▸ Exercise
Repeat the data in full and exactly. Leave the pictures out.

▸ Data
★ ★ ★ ★
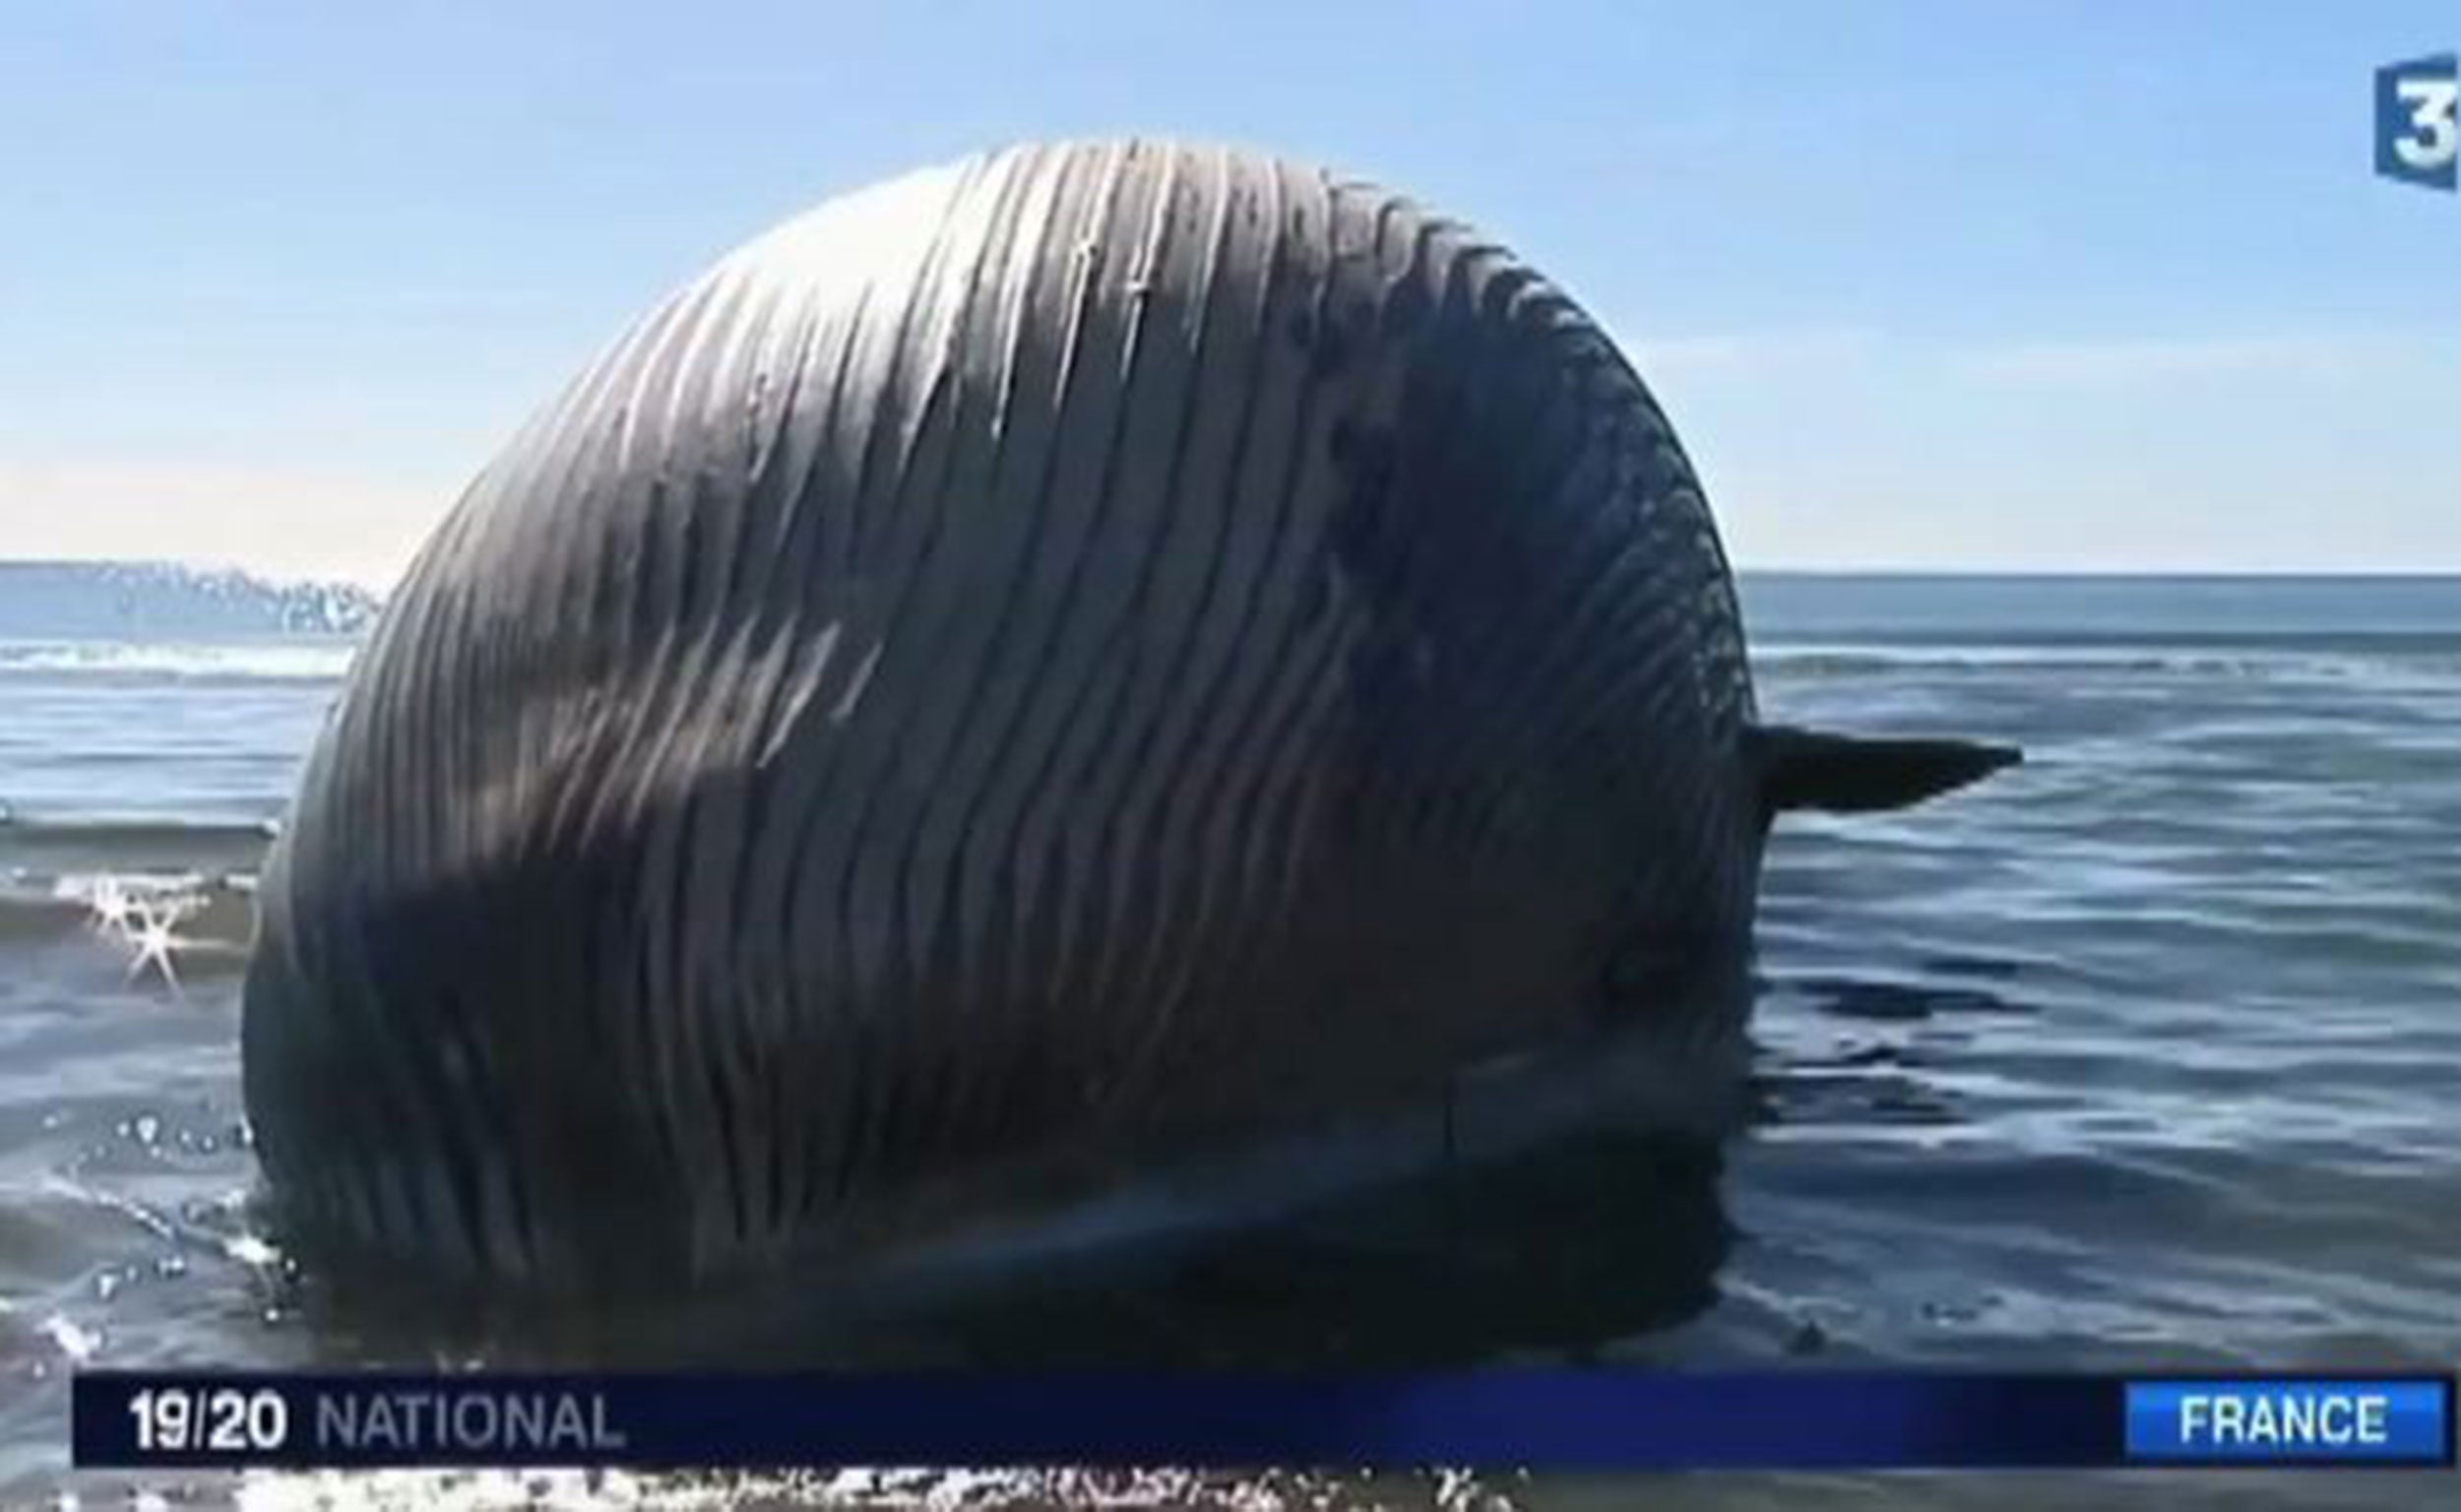 Authorities in France are investigating how to dispose of a beached whale
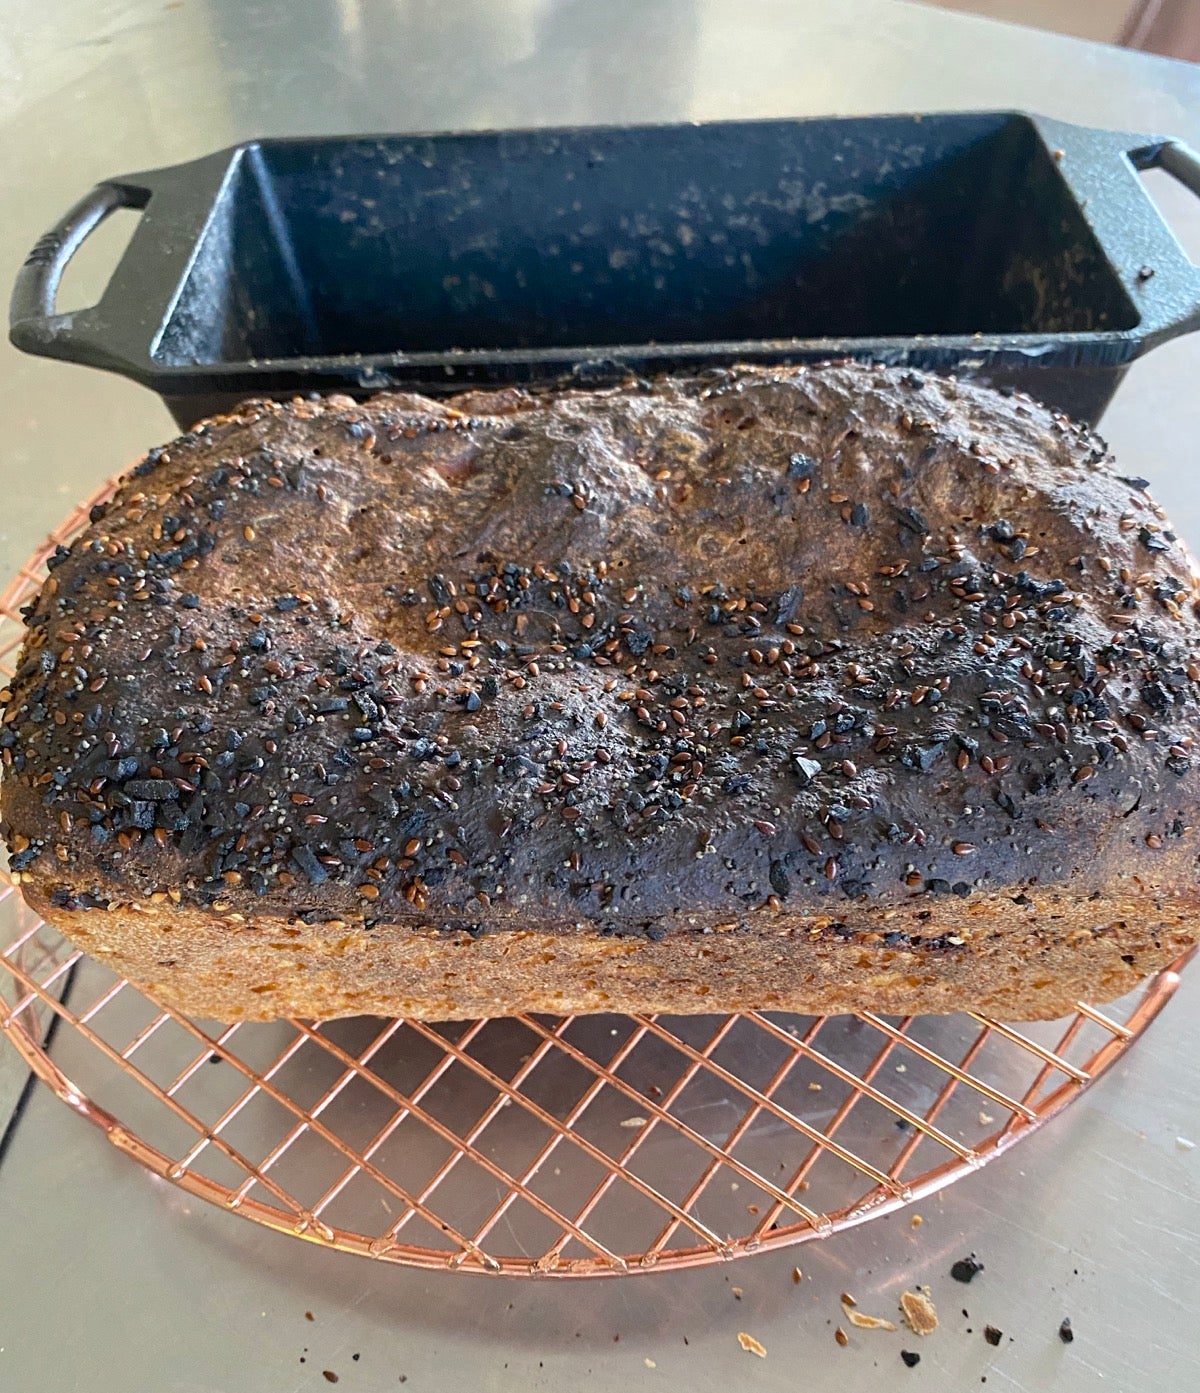 Loaf of bread burned on top in front of black cast iron loaf pan.
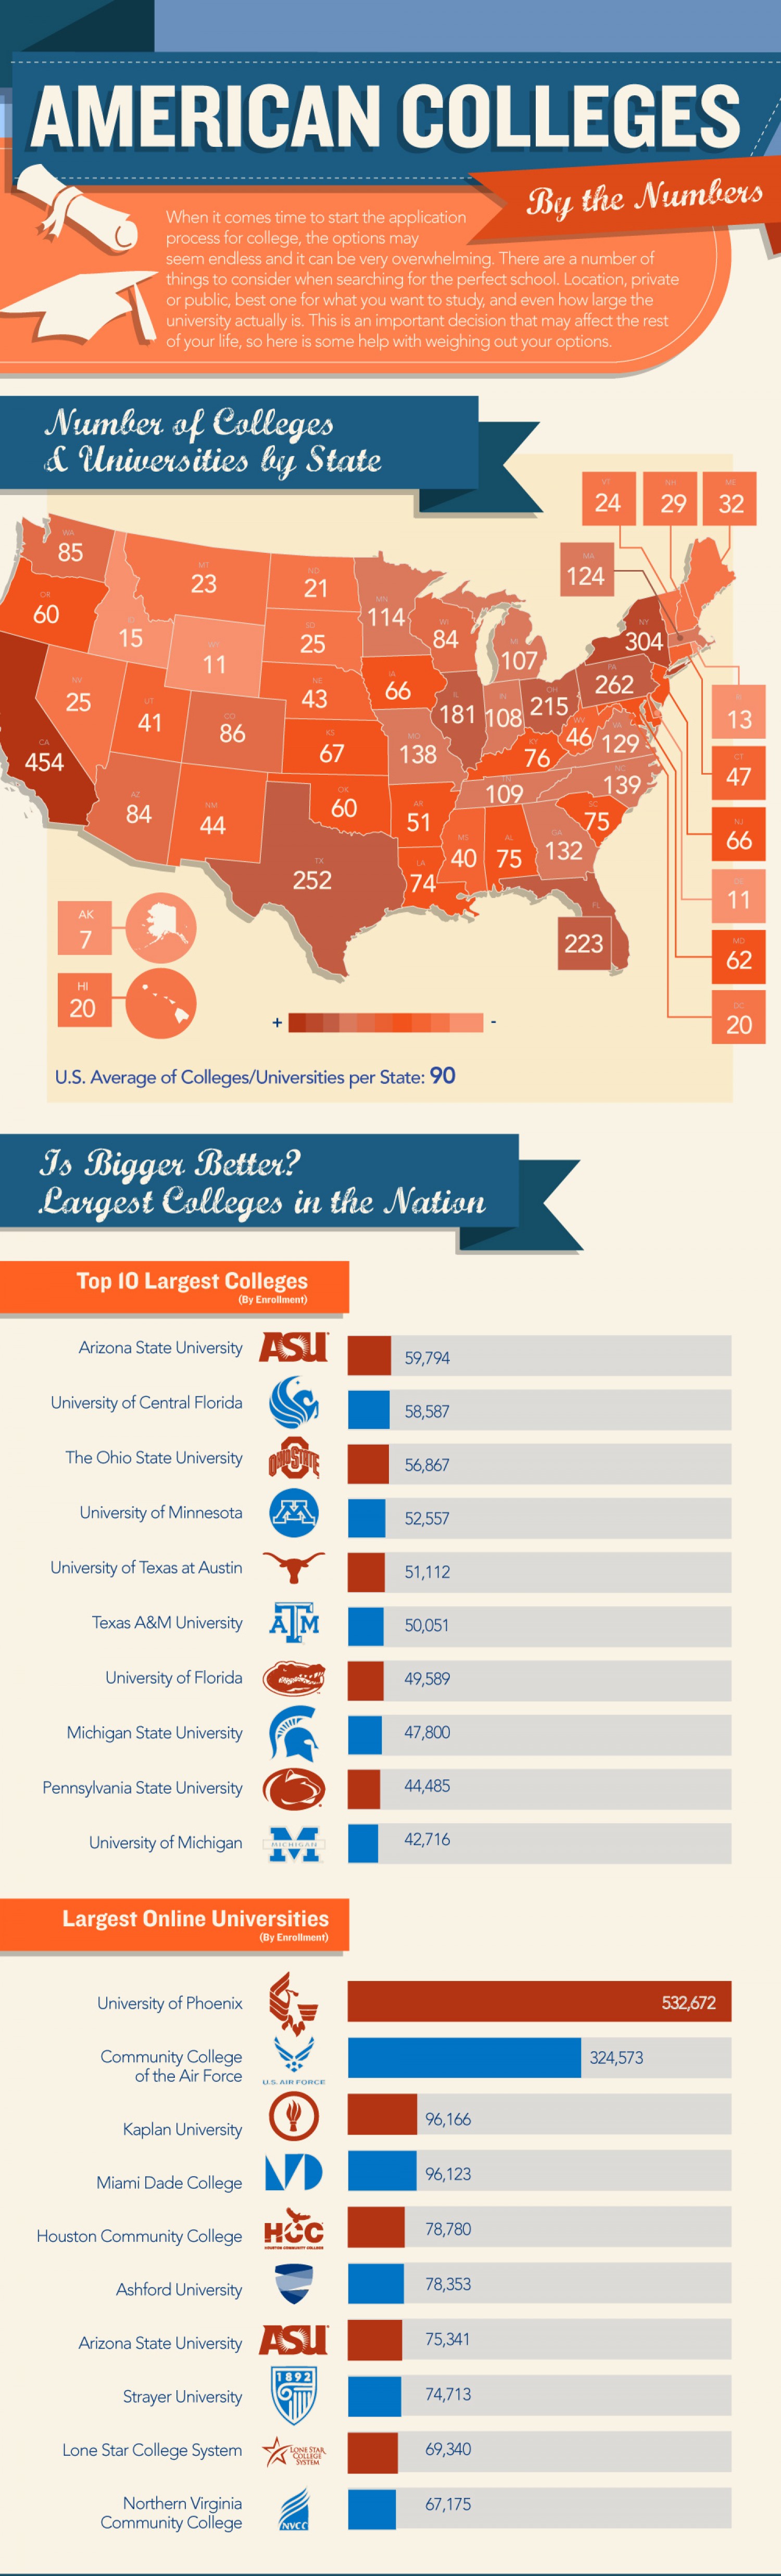 American Colleges, by the numbers
★ ★ ★ ★
▸ Exercise answer
 Authorities in France are investigating how to dispose of a beached whale
 Loaf of bread burned on top in front of black cast iron loaf pan.
 American Colleges, by the numbers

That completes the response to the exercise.